Since $f$ is entire we can write $f(z) = \sum_{n=0}^{\infty} a_n z^n$ for all $z \in \mathbb{C}$ and the equation $f'(z) = C f(z)$ leads to $$f'(z) = \sum_{n=0}^{\infty} (n +1) a_{n+1} z^{n} = C \sum_{n=0}^{\infty} a_n z^n.$$ By comparing coefficients we see that $a_1 = C a_0$, $2 a_2 = C a_1$, $3a_3 = Ca_2$, etc, so that $a_n = \frac{C^{n}}{n!} a_0$. In other words, $f(z) = \sum_{n=0}^{\infty} \frac{a_{0}}{n!} (Cz)^n = a_{0} e^{Cz}$.
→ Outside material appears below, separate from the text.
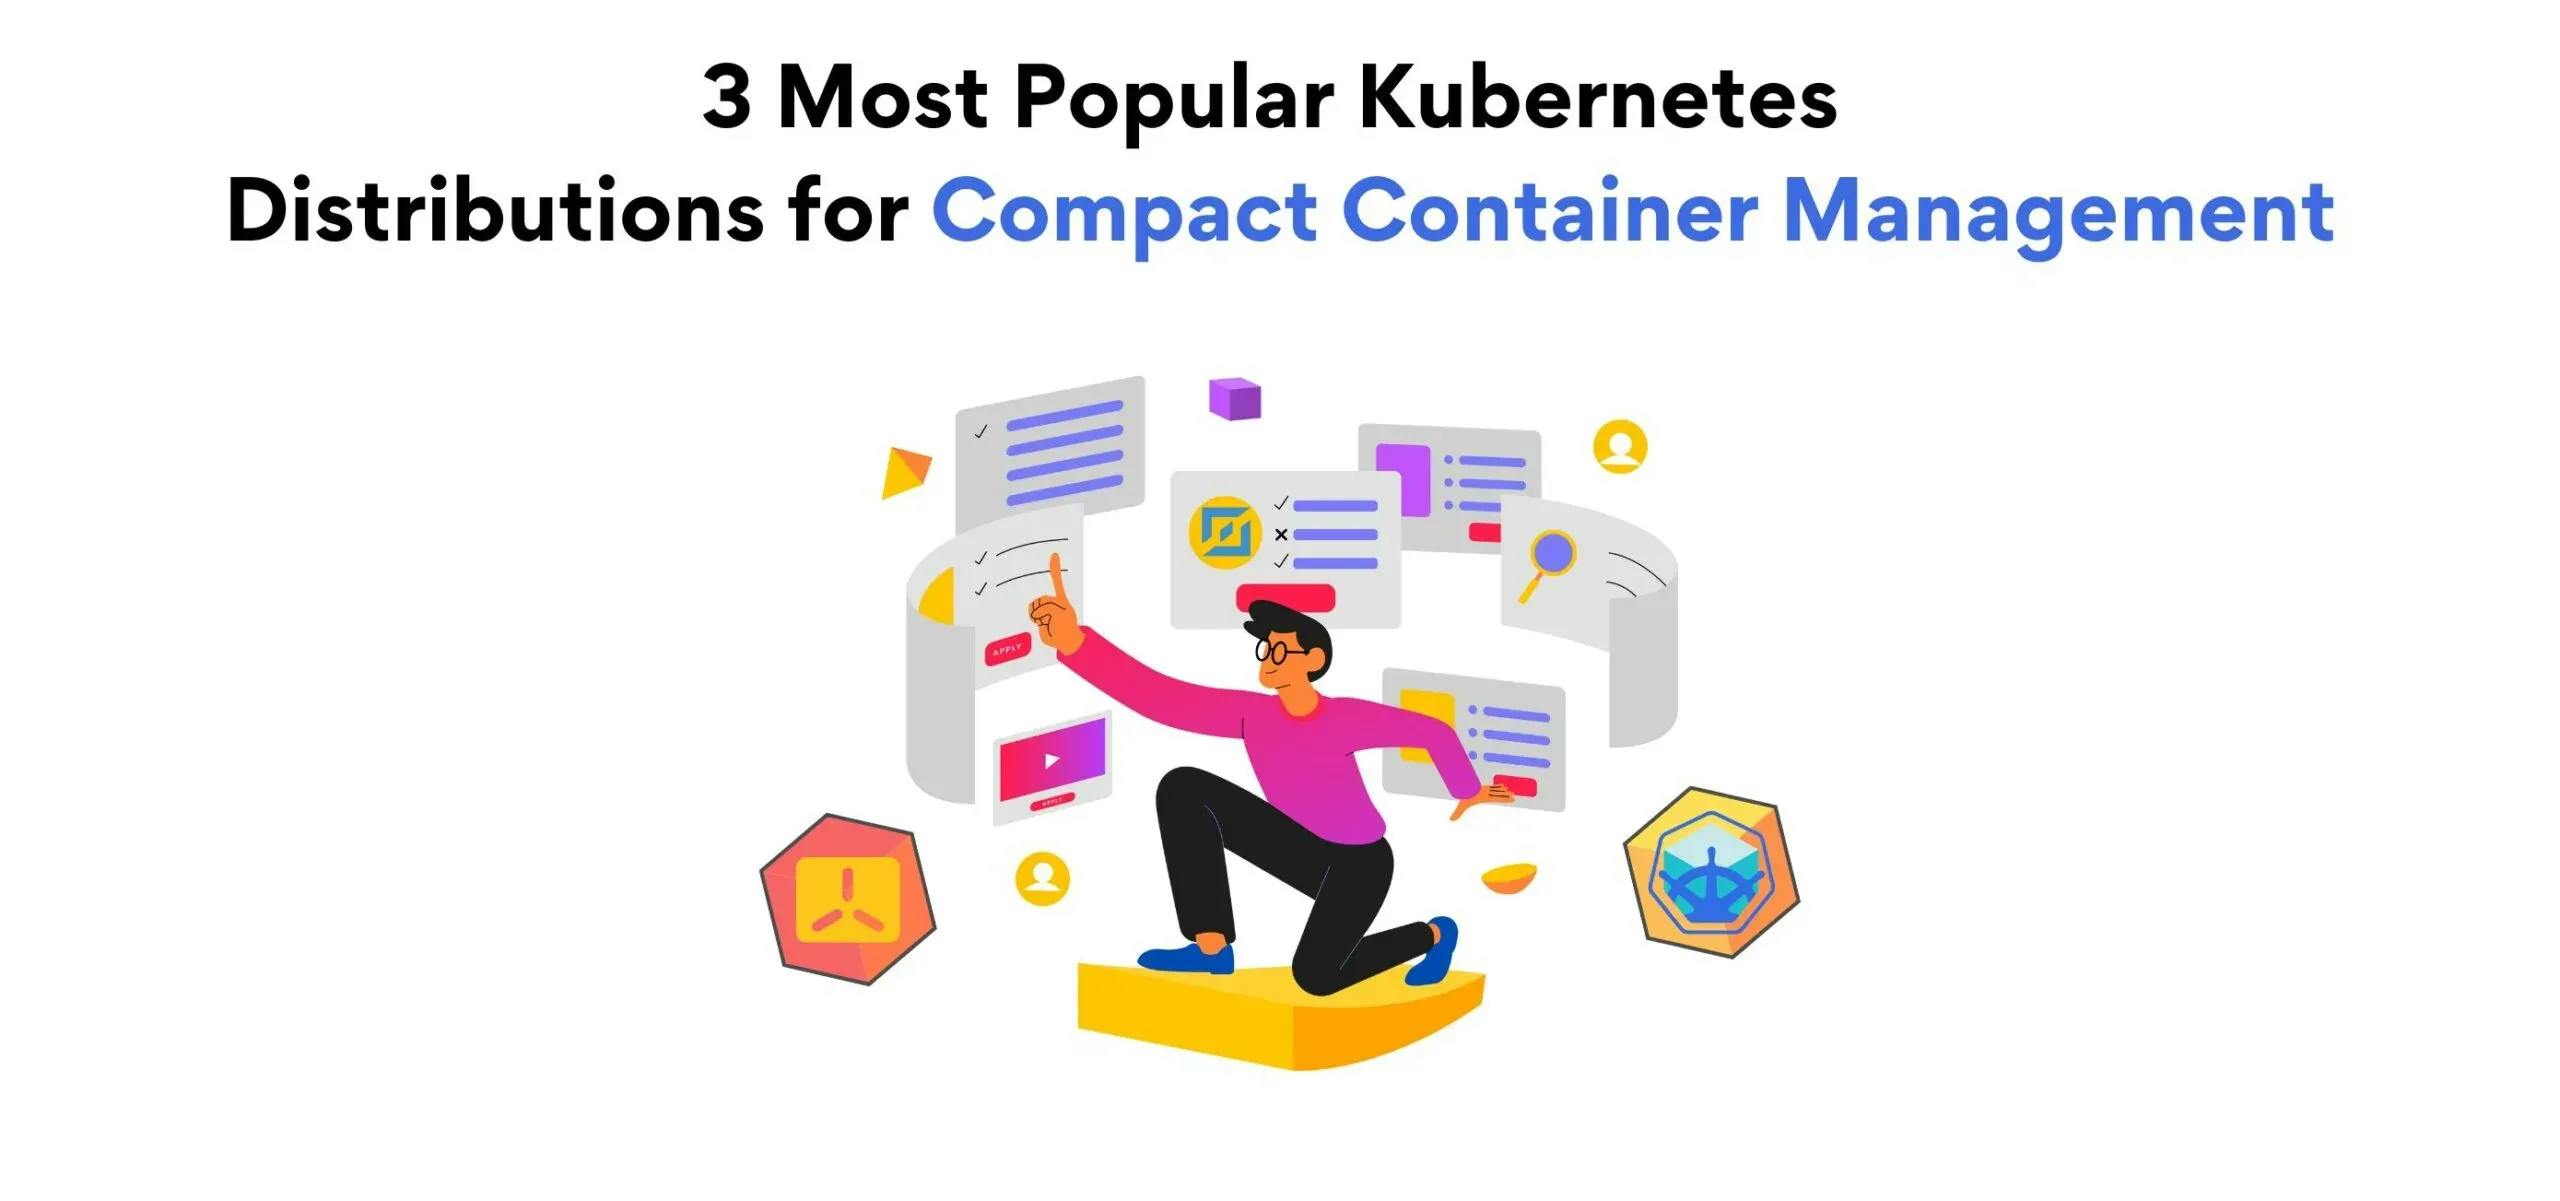 3 Most Popular Kubernetes Distributions for Compact Container Management
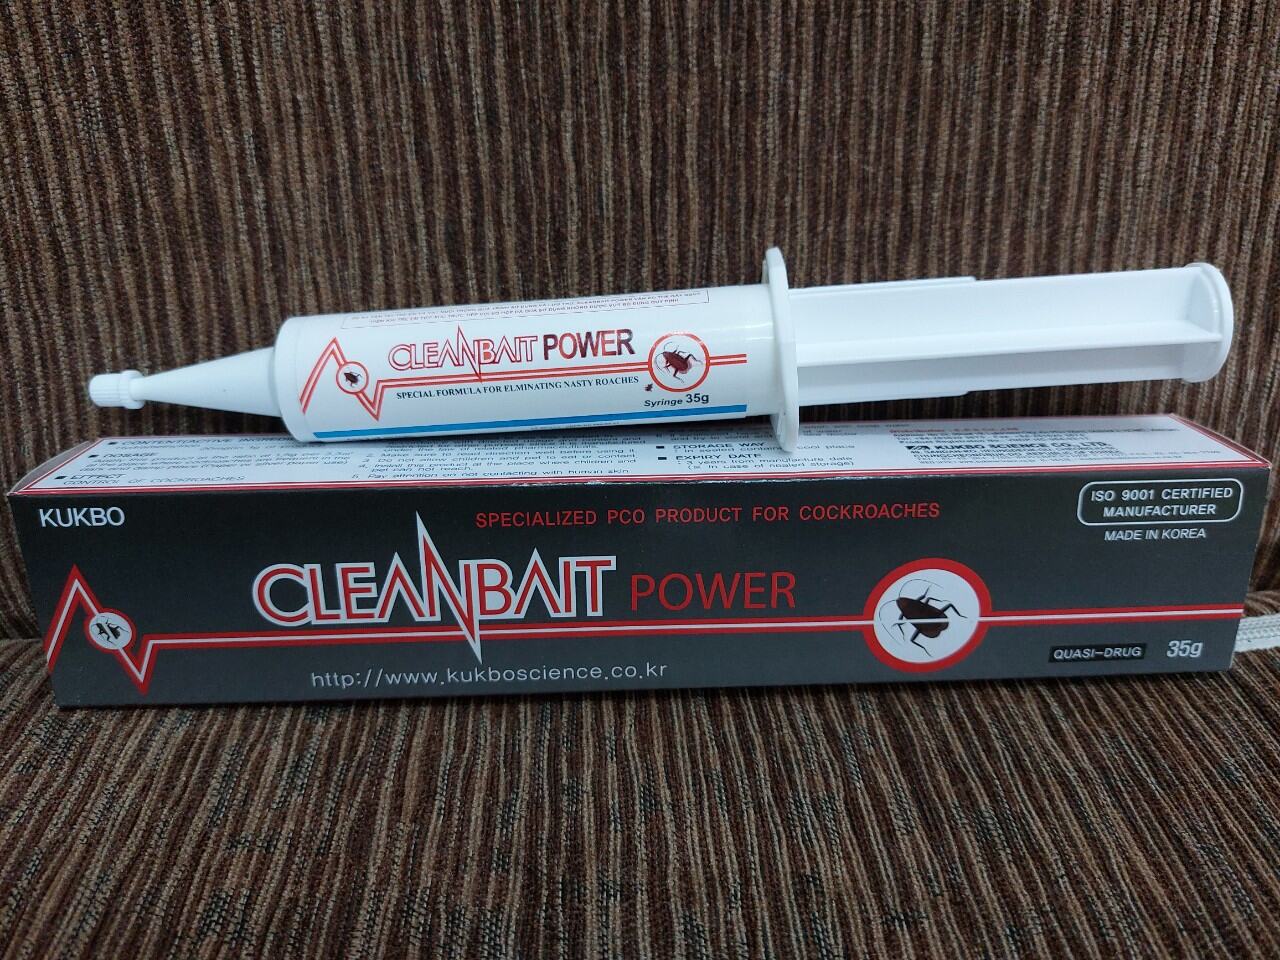 cleanbait power, cleanbait power Suppliers and Manufacturers at

Now let us prove the estimate. Since $C \lt 1$ we have for all $z \in \mathbb{C}$ that $$|f(z)| \leq \sum_{n=0}^{\infty} \frac{|a_0|}{n!}\,|Cz|^n \leq \sum_{n=0}^{\infty} \frac{|a_0|}{n!} |z|^n = |a_0| e^{|z|},$$ almost as we wanted. By choosing $A \gt |a_0|$ we get the desired strict inequality $|f(z)| \lt A e^{|z|}$.